DETAILED DESCRIPTION OF THE INVENTION
[0025] Next, embodiments of the present invention will be described
with reference to FIGS. 1 to 10. FIG. 1 shows a hand-held type disk
grinder 1. The disk grinder 1 includes a tool main body 2 having an
electric motor 6 disposed therein. The tool main body 2 also has a
grip section that is grasped by a user. The tool main body 2 may be
provided with a switch lever 3. When the user pulls the switch
lever 3 with a fingertip, the electric motor 6 may be started and
then the disk grinder 1 can be used. A laterally projecting
sub-grip 5 may be attached to a front side of the tool main body
2.
[0026] A gear head section 4 may be attached to a front section of
the tool main body 2. A bevel gear train may be arranged inside the
gear head section 4. The output of the electric motor 6 may be
changed to an orthogonal direction via the bevel gear train. A
spindle 7 may project from a lower portion of the gear head section
4. The rotation output of the electric motor 6 may be transmitted
to the spindle 7 via the bevel gear train, A boss portion 4a may be
arranged at the lower portion of the gear head section 4. The
spindle 7 may be rotatably supported at the center of the boss
portion 4a.
[0027] A cup-shaped grinding tool T1 may be attached to the spindle
7. The cup-shaped grinding tool T1 is preferably firmly fixed to
the spindle 7 by a fixing flange 8 and a fastening nut 9 so as to
be immovable in the axial direction and to not rotate about the
axis. A cup-shaped diamond wheel may be used, for example, as the
cup-shaped grinding tool T1.
[0028] A dust collection cover 10 preferably covers the entire
cup-shaped grinding tool T1. The dust collection cover 10 may be
attached to the boss portion 4a of the gear head section 4.

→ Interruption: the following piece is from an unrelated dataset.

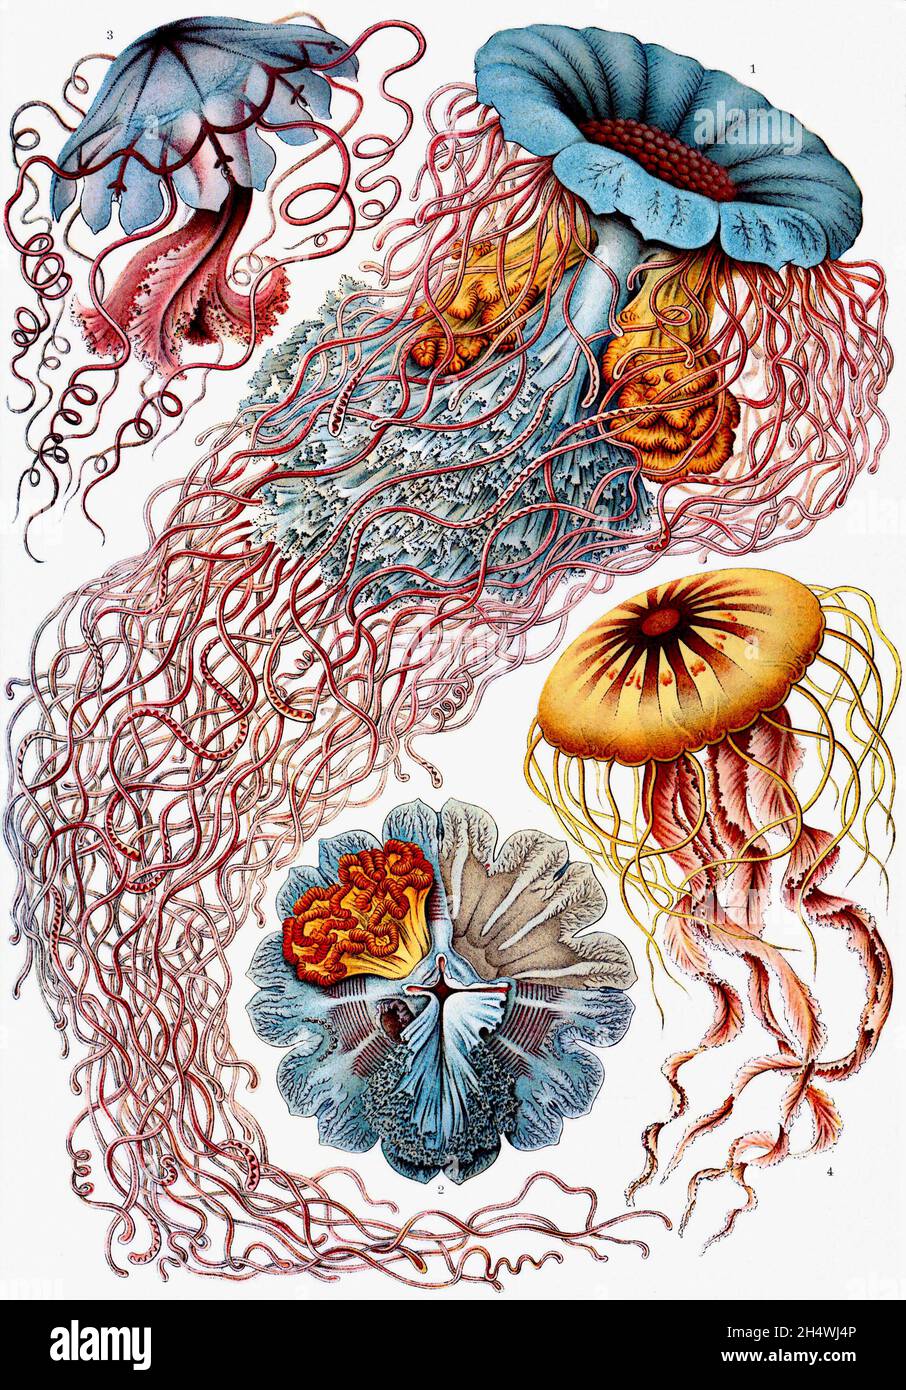 Ernst Haeckel - Discomedusae - 1904 méduses Banque D'Images

[0029] FIGS. 2 to 5 show the dust collection cover 10 of this
embodiment in a separated state from the gear head section 4. The
dust collection cover 10 of this embodiment includes a cover main
body 11 and an auxiliary cover 12 separable from the cover main
body 11. The cover main body 11 and the auxiliary cover 12 are made
by integral molding processes of synthetic resin, respectively.
When the auxiliary cover 12 is coupled to the resin cover main body
11, the entirety of the cup-shaped grinding tool T1 is preferably
accommodated inside thereof. The cover main body 11 may be
supported by the boss portion 4a of the gear head section 4 via an
attachment base 13 and a receiving base 14. The attachment base 13
and the receiving base 14 can be made from steel plates.

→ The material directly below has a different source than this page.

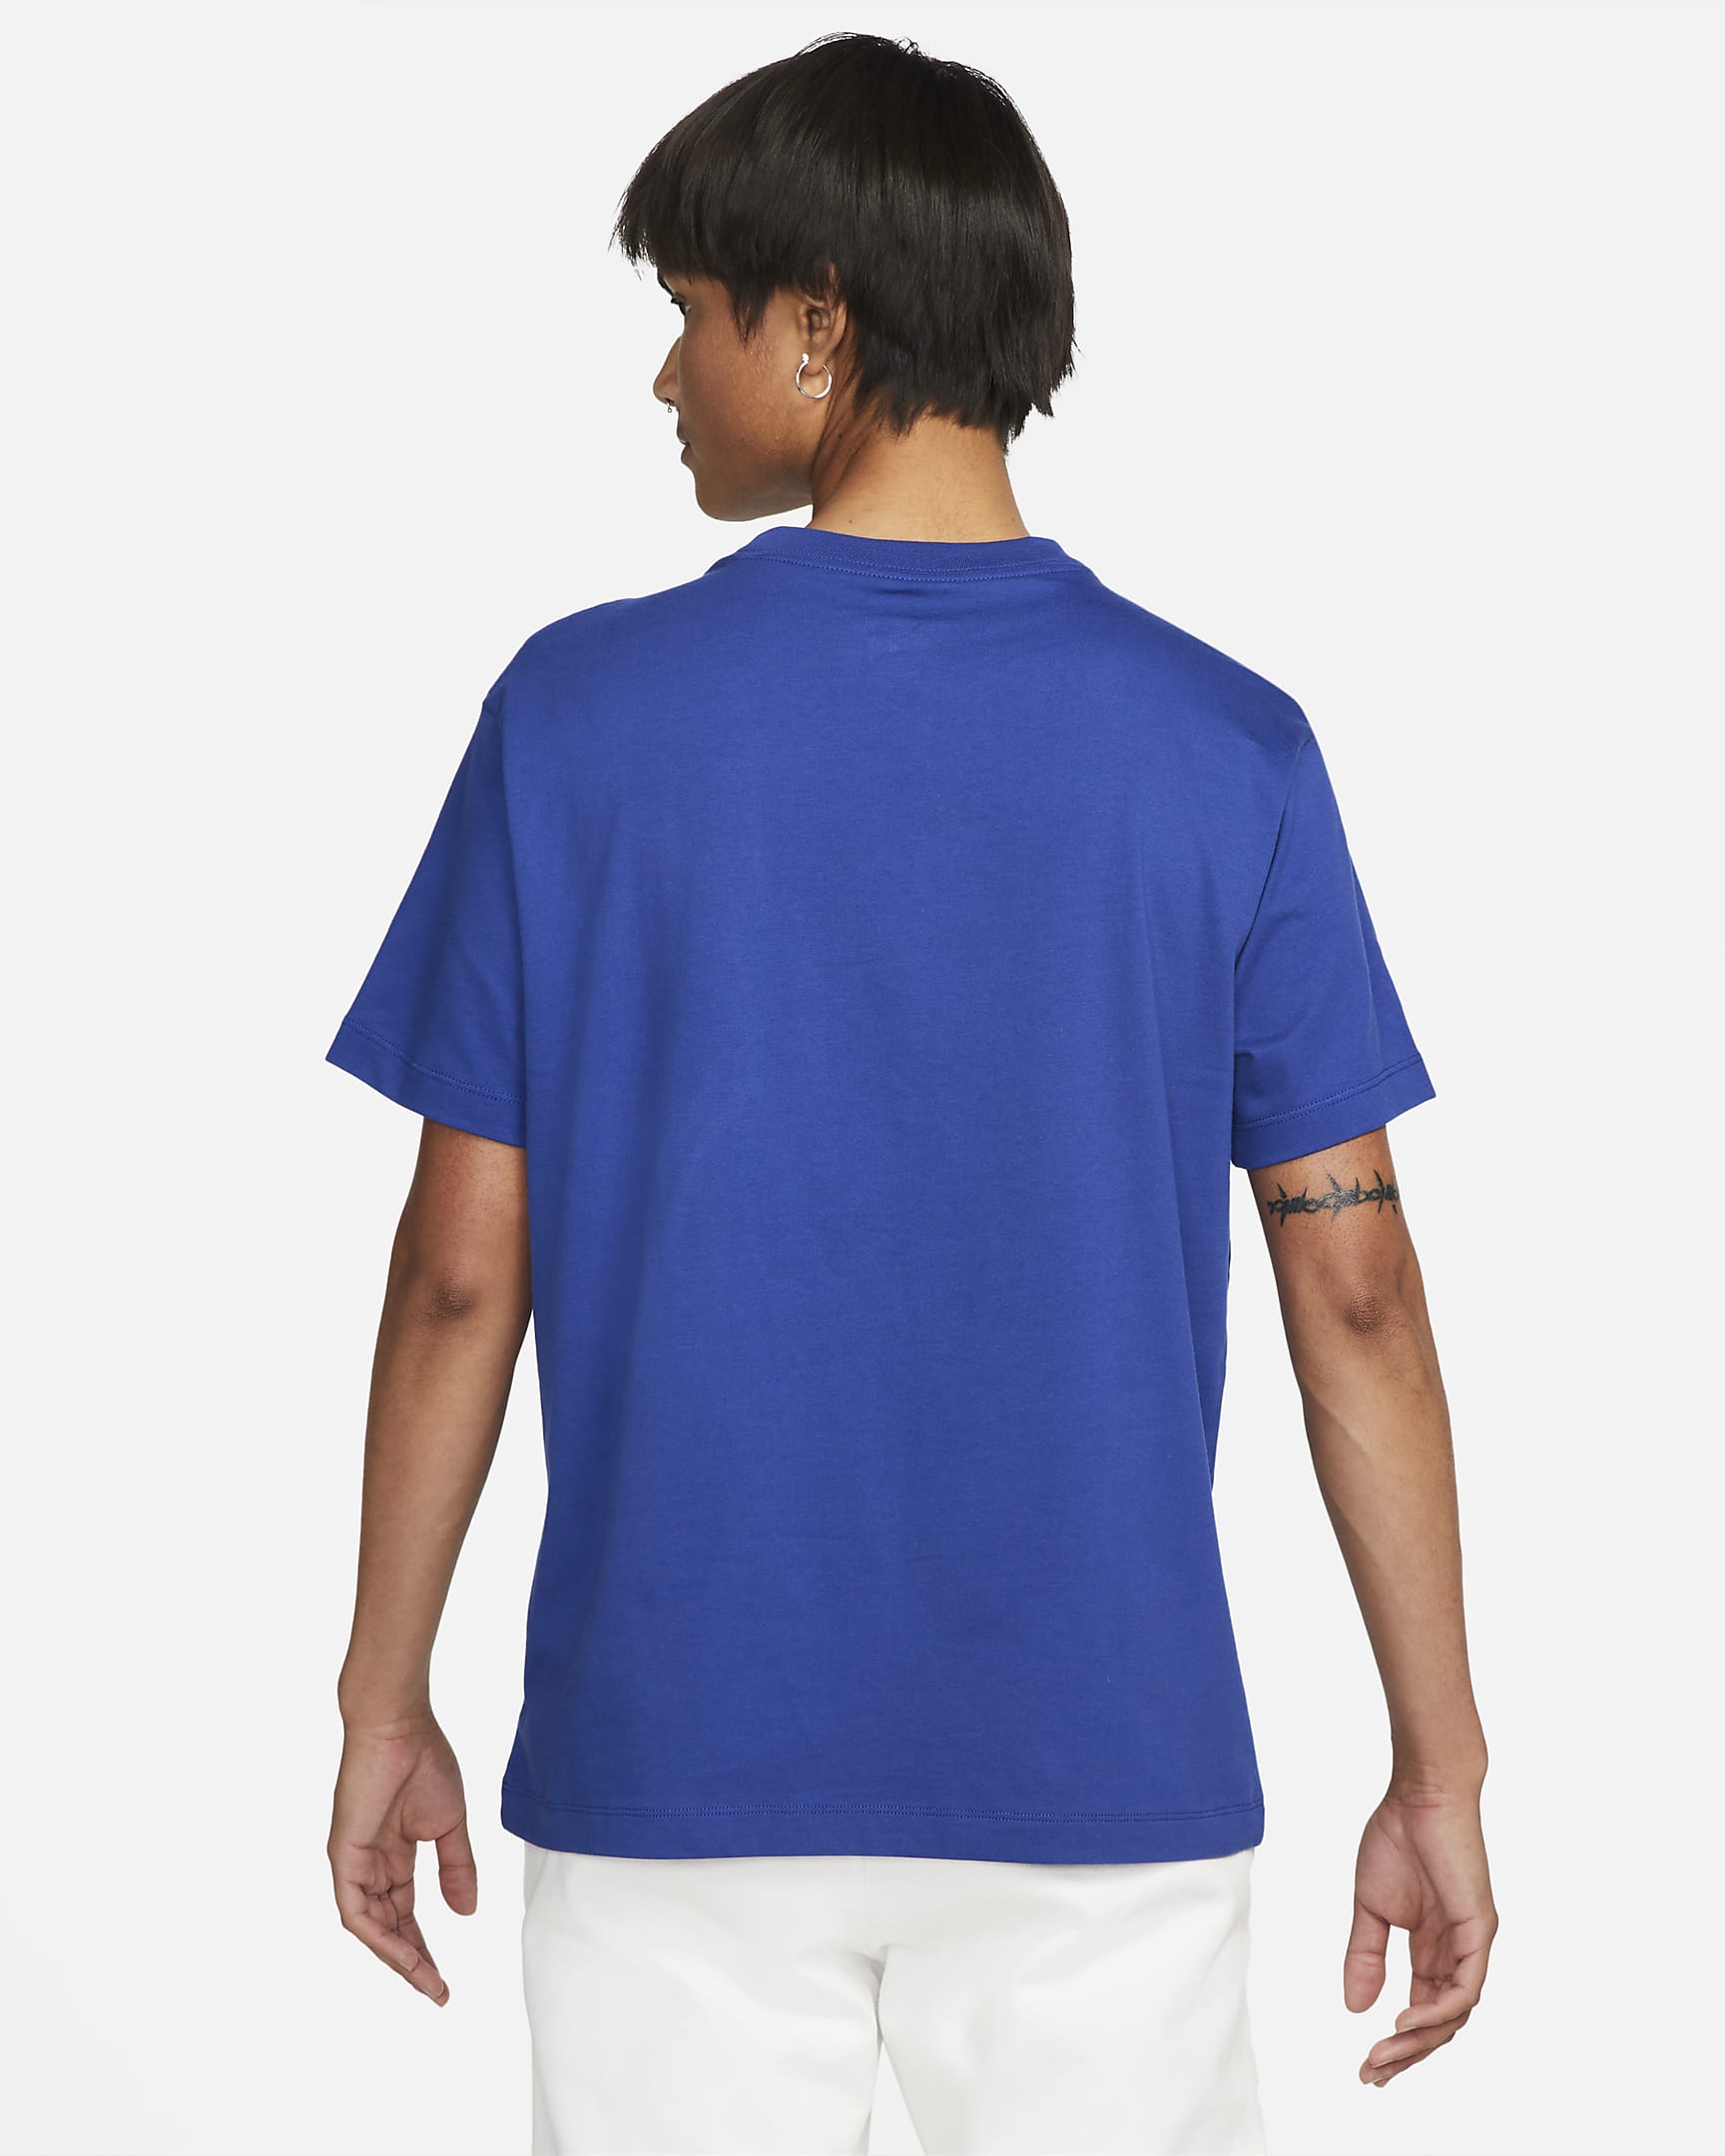 Chelsea F.C. Crest Women's Football T-Shirt. Nike SK

[0030] The attachment base 13 may be positioned on an upper surface
side of the cover main body 11. An attachment portion 13a having an
annular shape may be arranged on the upper portion of the
attachment base 13. A fixing screw 15 may be fastened in a state
where the boss portion 4a of the gear head section 4 enters the
inner circumference side of the attachment portion 13a, so that the
attachment portion 13a and accordingly, the attachment base 13 are
fixed to the boss portion 4a. When the fixing screw 15 is loosened,
the position about the boss portion 4a can be adjusted.
[0031] The cover main body 11 may be supported on the attachment
base 13 by four support screws 16. As shown in FIG. 6, the boss
portions 11 d may be arranged at four positions on the upper
surface of the cover main body 11. The support screw 16 may be
inserted into each boss portion lid. The receiving base 14 may be
fixed to a lower surface (an inner surface) of the cover main body
11 by four support screws 16 whereby the receiving base and the
lower surface of the cover may both overlap.

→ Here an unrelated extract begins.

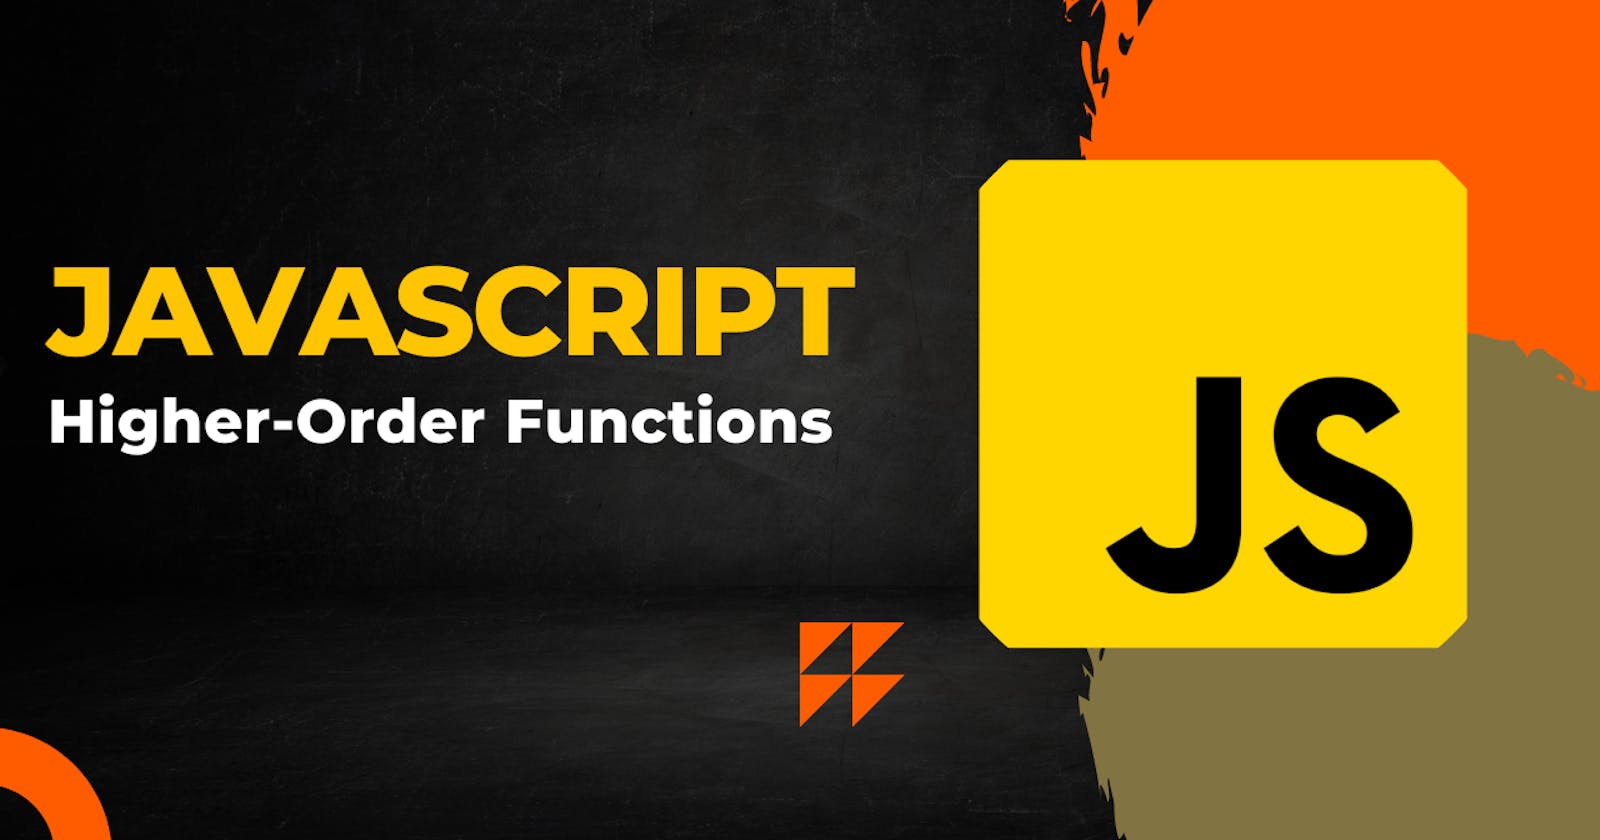 Higher-Order Functions in JavaScript?

[0032] Each of the boss portions 11d of the cover main body 11
preferably extends through the attachment base 13 and is inserted
therein so as to be vertically displaceable. Thus, the cover main
body 11 is supported on the attachment base 13 in a state of being
displaceable upward and downward.
[0033] A plurality of the leaf springs 11a is preferably arranged
on the cover main body 11. In this embodiment, each leaf spring 11a
is integrally formed when the cover main body 11 is molded (a resin
spring 11a). Each leaf spring 11a extends obliquely upwardly and is
pressed against the lower surface of the attachment base 13. The
cover main body 11 is biased downward (the side of the receiving
base 14) by the leaf springs 11a. Being biased by the leaf springs
11a, the cover main body 11 is supported by the attachment base 13
in an upwardly and downwardly displaceable floating state. The
displacement amount of the cover main body 11 relative to the
attachment base 13 in the downward direction is restricted by a
washer 16a located around each support screw 16.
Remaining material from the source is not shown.